Cuando venimos al mundo traemos una maleta llena de emociones. También tienen emociones los animales o, quizás, las tengamos los humanos por ser animales. Son respuestas espontáneas, temporales e incontrolables. Cuando somos capaces de controlar nuestras emociones, evaluarlas e interpretarlas se convierten en sentimientos.
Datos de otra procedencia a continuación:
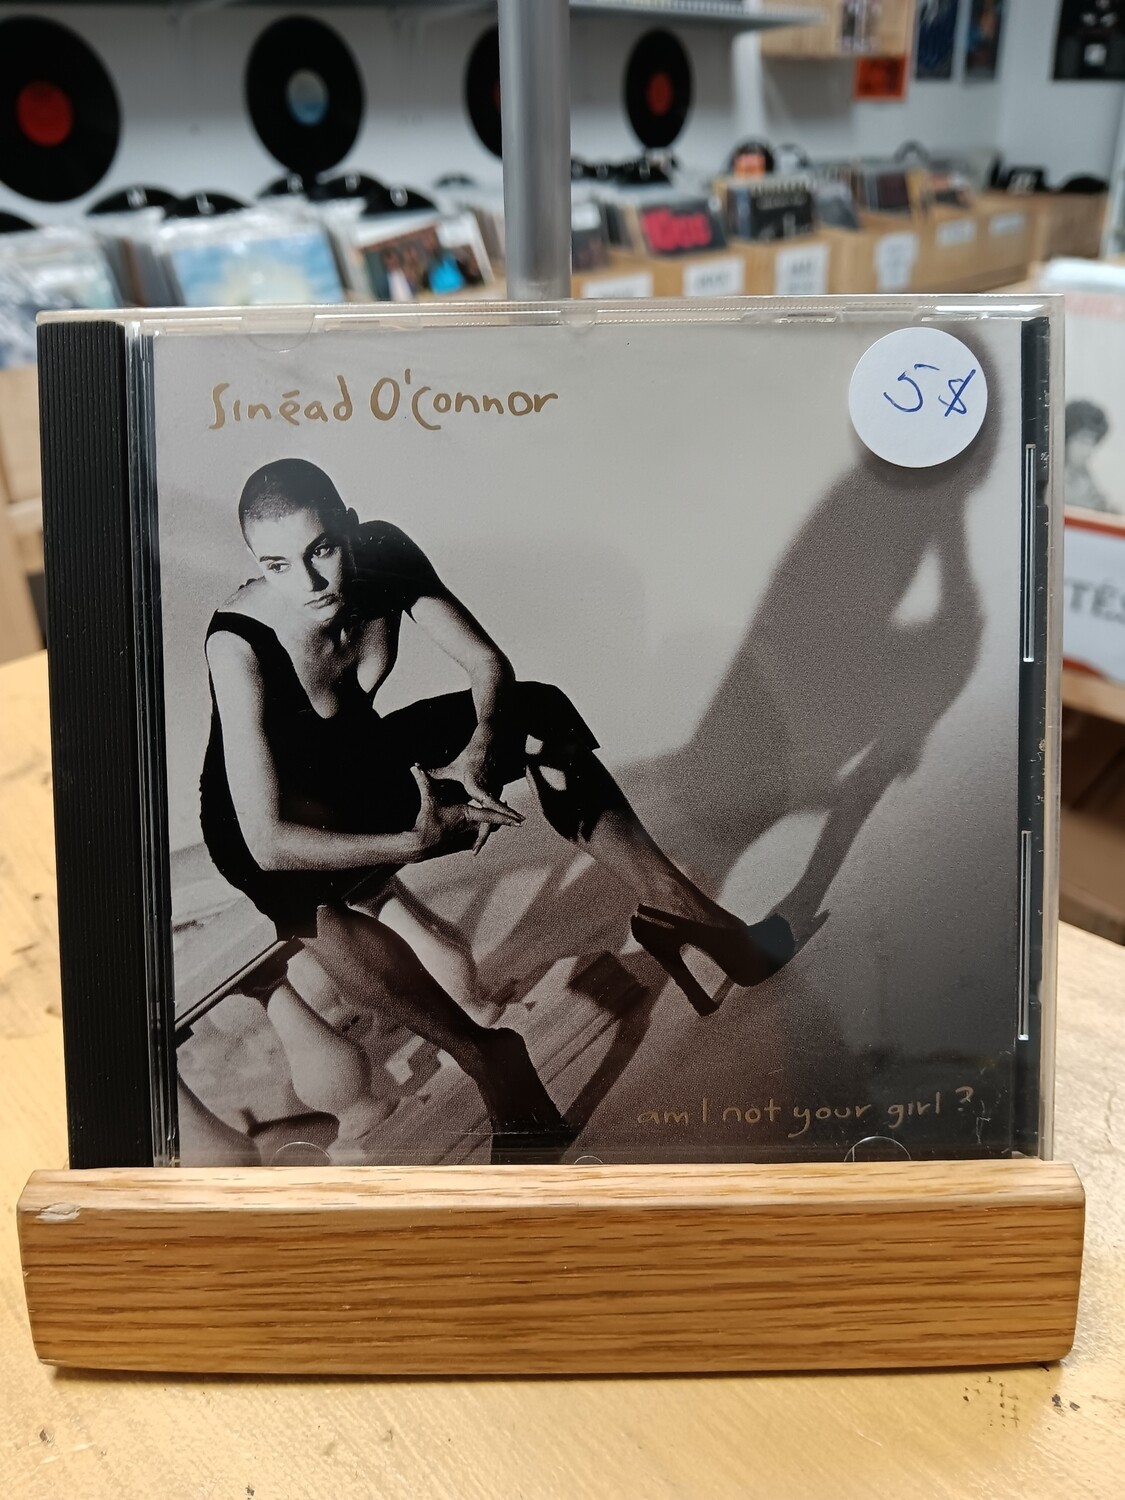 Sinead O'Connor - Am I not your girl (CD)
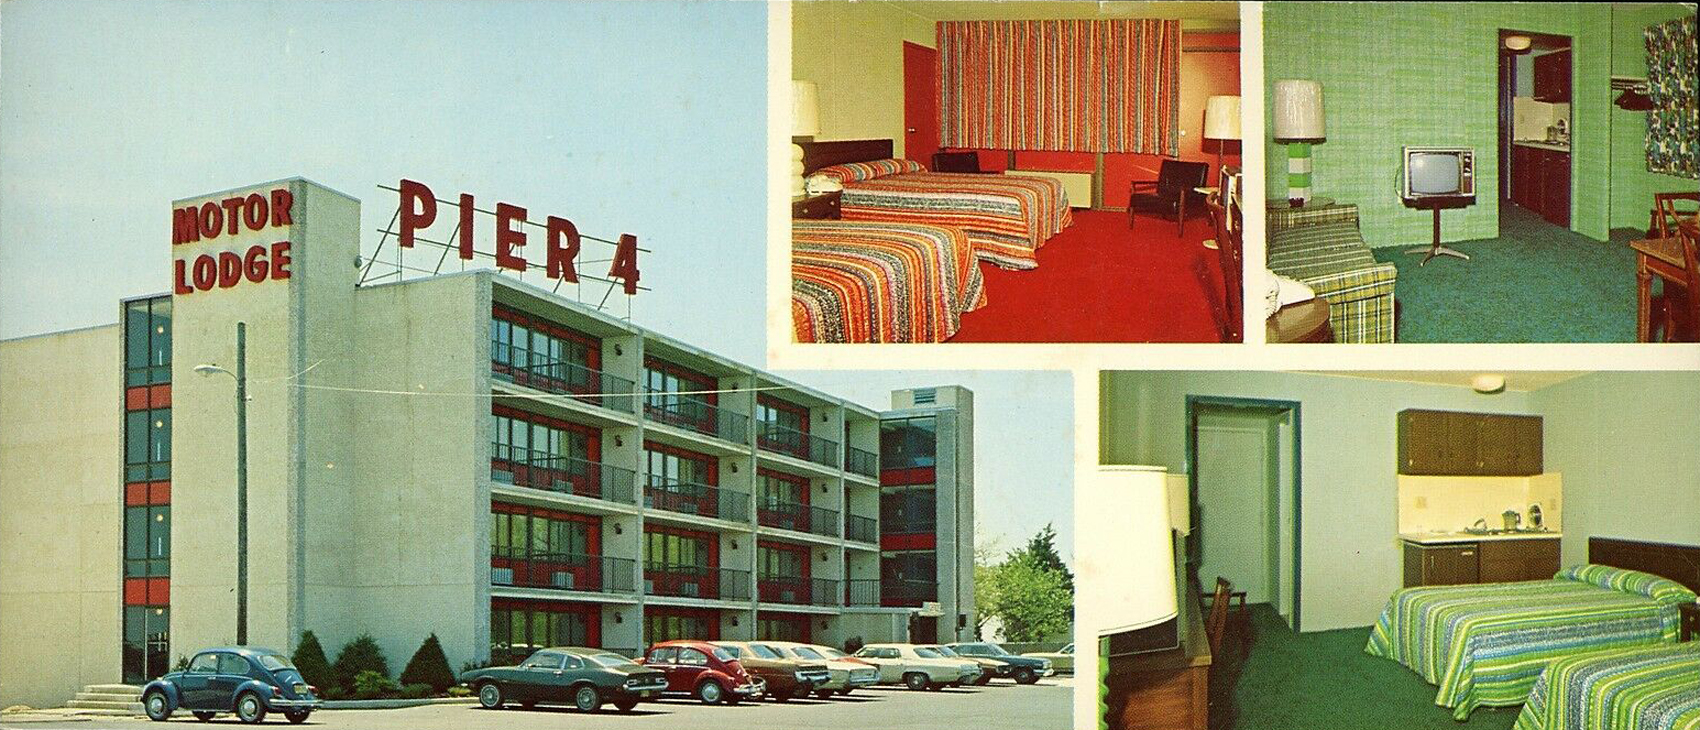 Somers Point - Pier 4 Motor Lodge

El sentimiento reflexiona sobre la emoción y llega a conclusiones duraderas. Para que la emoción llegue a convertirse en sentimiento se requiere de experiencia y conocimiento. El amor, que puede ser solo una emoción, se tiene por uno mismo, por un perro, por la verdad o por el cocido madrileño. El sentimiento de amar y ser amado requiere de una experiencia adicional, que se puede tener o no, a lo largo de la vida. Quien no ha amado carece de este sentimiento y no se puede contar ni estudiar.

Lo mismo ocurre con el amor a los hijos. Quien no tenga hijos carecerá de un sentimiento, al que tan solo se puede llegar, tras ser madre o padre. Quien no sea padre tendrá una idea, incluso una emoción, pero no el sentimiento que produce la experiencia de traer un hijo al mundo.

Y pasa también con la amistad, que es otro sentimiento. Quién no tiene amigos, no la conoce, como quien no tiene hijos. La amistad es un sentimiento duradero e incondicional. La amistad buena que llamaba Aristóteles es la que no se basa en el provecho, ni en el placer. Tengo la suerte de tener amigos. No muchos, pero si suficientes. Amistades incondicionales y probadas en los momentos adversos. No están sometidas a provecho alguno, ni exaltadas en fiestas o romerías. Amistades forjadas en lo bueno y virtuoso de la vida. En la certeza de contar con ellos, en todo momento, con razón o sin ella.

Mi amigo Luis García Gómez me pidió que escribiera sobre la amistad y me es grata obligación. En breve, él y yo descubriremos un nuevo sentimiento. Ser abuelos. Enhorabuena.